Western blots were carried out as previously described36. The mouse anti-HA antibody (Sigma-Aldrich) was used at a concentration of 1:1,000 dilution, anti-POR (Agrisera AS05 067-10) was used at 1:4,000 dilution, and anti-FLU (obtained from B. Grimm) was used at 1:2,000 and the secondary antibody, goat anti-mouse IgG1 horseradish peroxidase conjugate (Thermo Fisher Scientific) was used at 1:20,000 dilution. Proteins were extracted from 5-day-old etiolated seedlings under green light as previously described37. Bortizomib treatment was carried out in 6-well tissue culture plates (Fisher Scientific); a total reaction volume of 3 ml of 50 μM Bortezomib (Santa Cruz Biotechnology) was added to each well. Negative controls contained an equivalent volume of DMSO (Sigma-Aldrich) (DMSO was used to reconstitute the Bortezomib powder). Five-day-old etiolated seedlings were transferred to each well by laying the seedlings on top of the solution in each well gently ensuring that the roots of each seedlings were immersed in the reaction solution. The plate was covered with aluminium foil and placed on a flatbed shaker (60 rpm) for 2 h, after which material was dried with paper towel to remove excess water and frozen in liquid nitrogen immediately.

Phylogenetic analyses

Genomic DNA and CDS sequences for FLU, CHLM and hypoxia-related gene orthologues were obtained from KEGG: Kyoto Encyclopedia of Genes and Genomes ( FLU, CHLM genomic sequences were searched manually for potential ERFVII binding sites and HRPE-like sequences20.
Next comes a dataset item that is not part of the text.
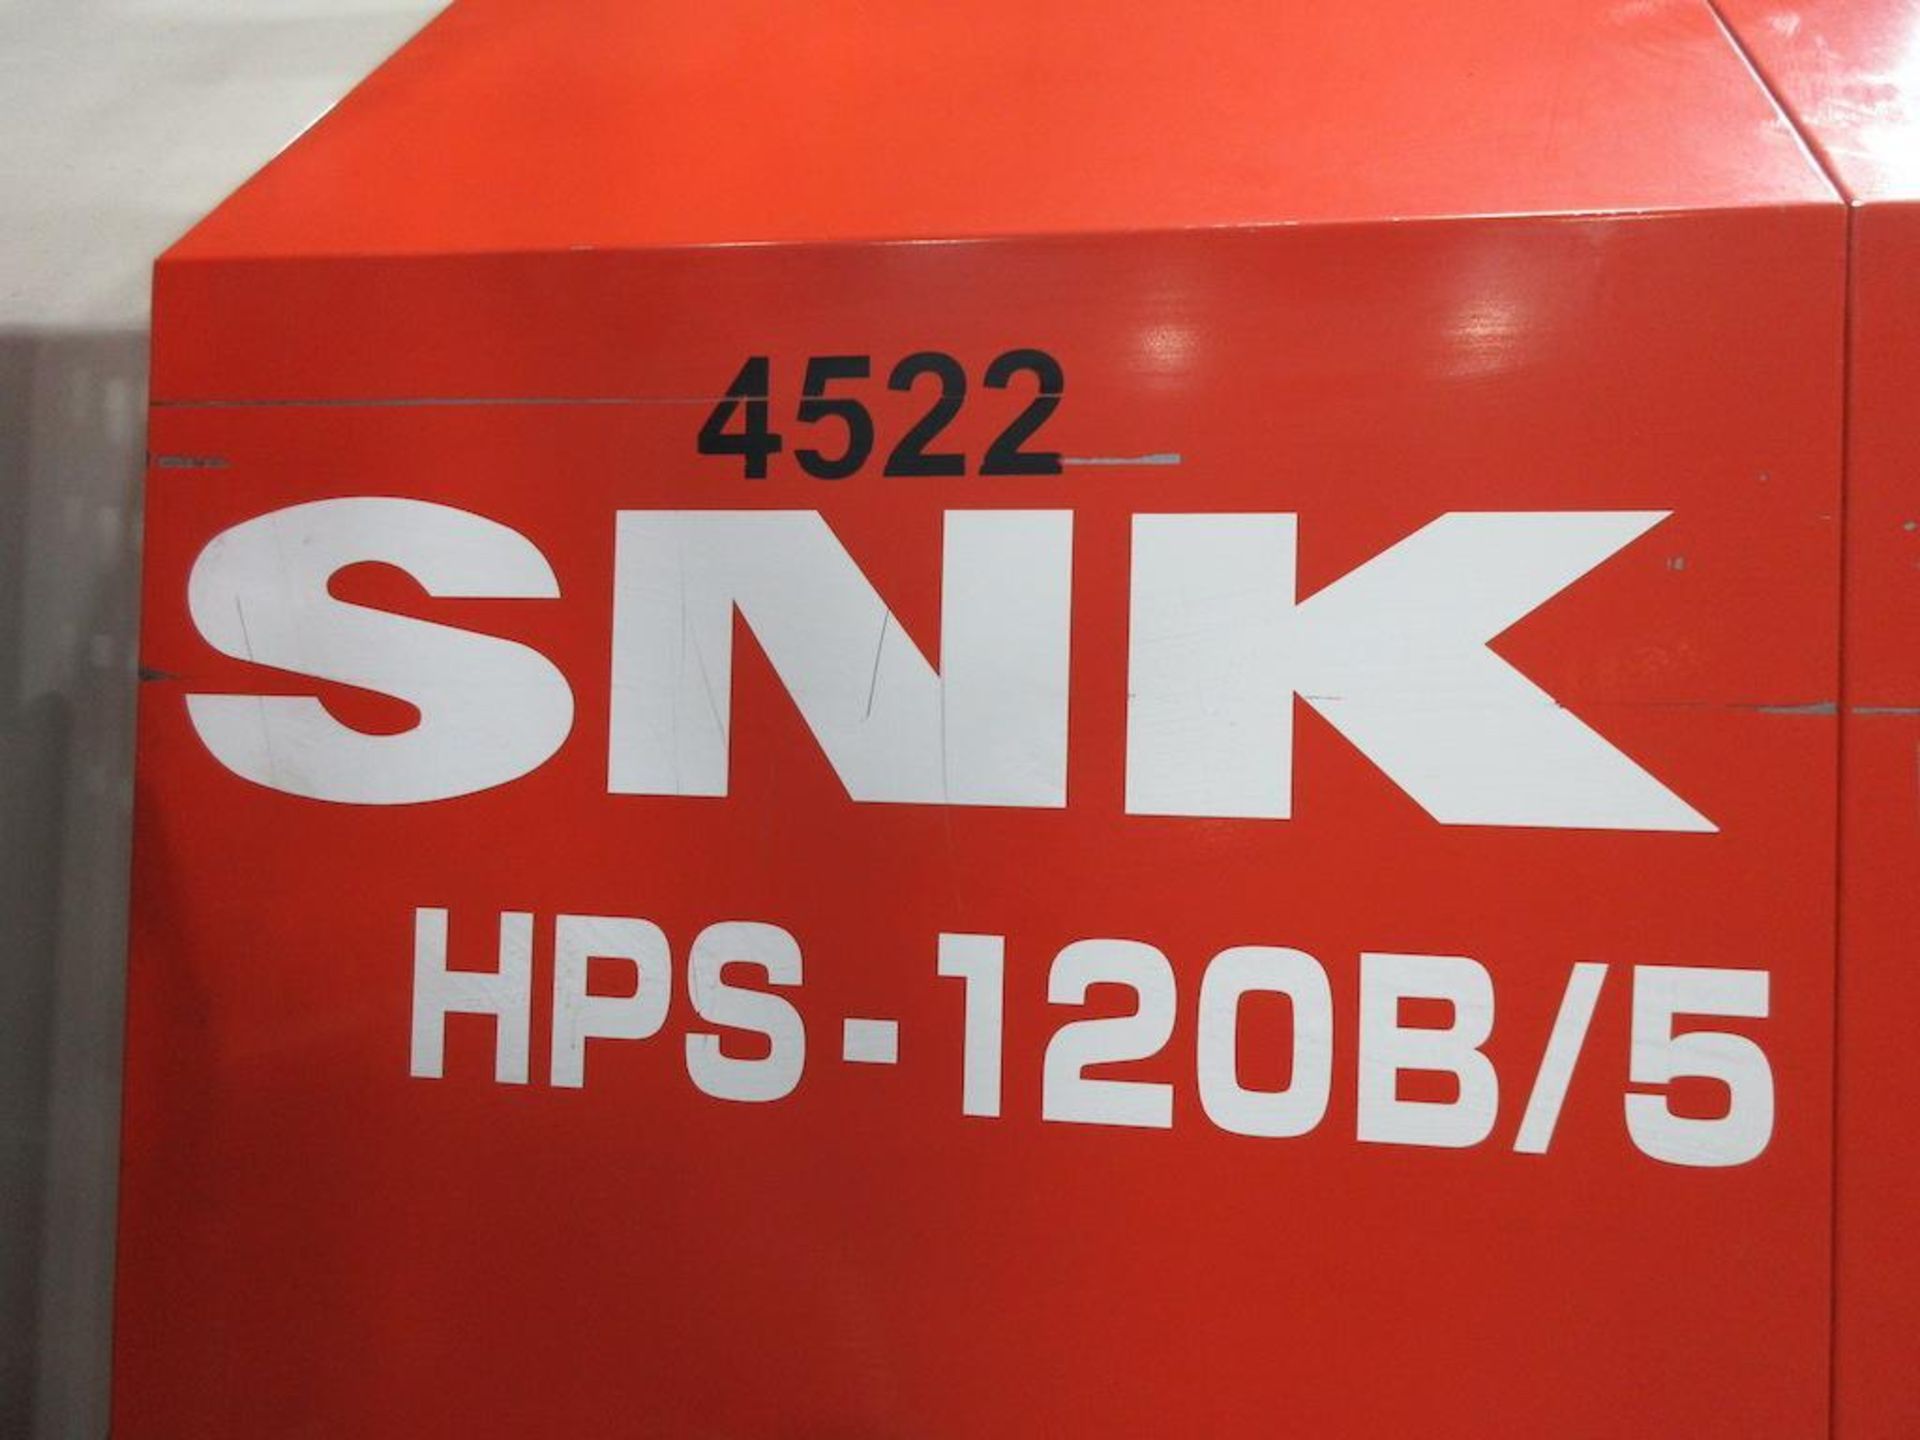 2006 SNK HPS 120B/5 5 axis high speed CNC Horizontal Machining Center Profiler, Fanuc 31i  model A5, - Image 14 of 14

For experimental analysis of Pchlide and quantitative reverse transcription PCR, three independent replicates with different biological material are reported for each experiment. For ChIP, three independent replicates with different biological material were used per experiment. Each experiment was repeated at least twice. For analysis of ROS via staining and microscopy 8–15 seedlings were analysed and images taken for representative samples, experiment was repeated at least three times. In all cases measurements were taken from distinct samples. Differences in ROS content were tested by general linear model (GLM) with two factors (genotype and oxygen) with fixed effects. GLM tests were carried out with SPSS v.27. All graphs were produced using Graphpad software (Version 8), also used to calculate standard deviation of the mean for all samples tested. Relationships between dependent and independent variables were assessed by linear regression analysis using standard parameters for coefficiency of determination (R2) in Graphpad.

Reporting summary

Further information on research design is available in the Nature Research Reporting Summary linked to this paper.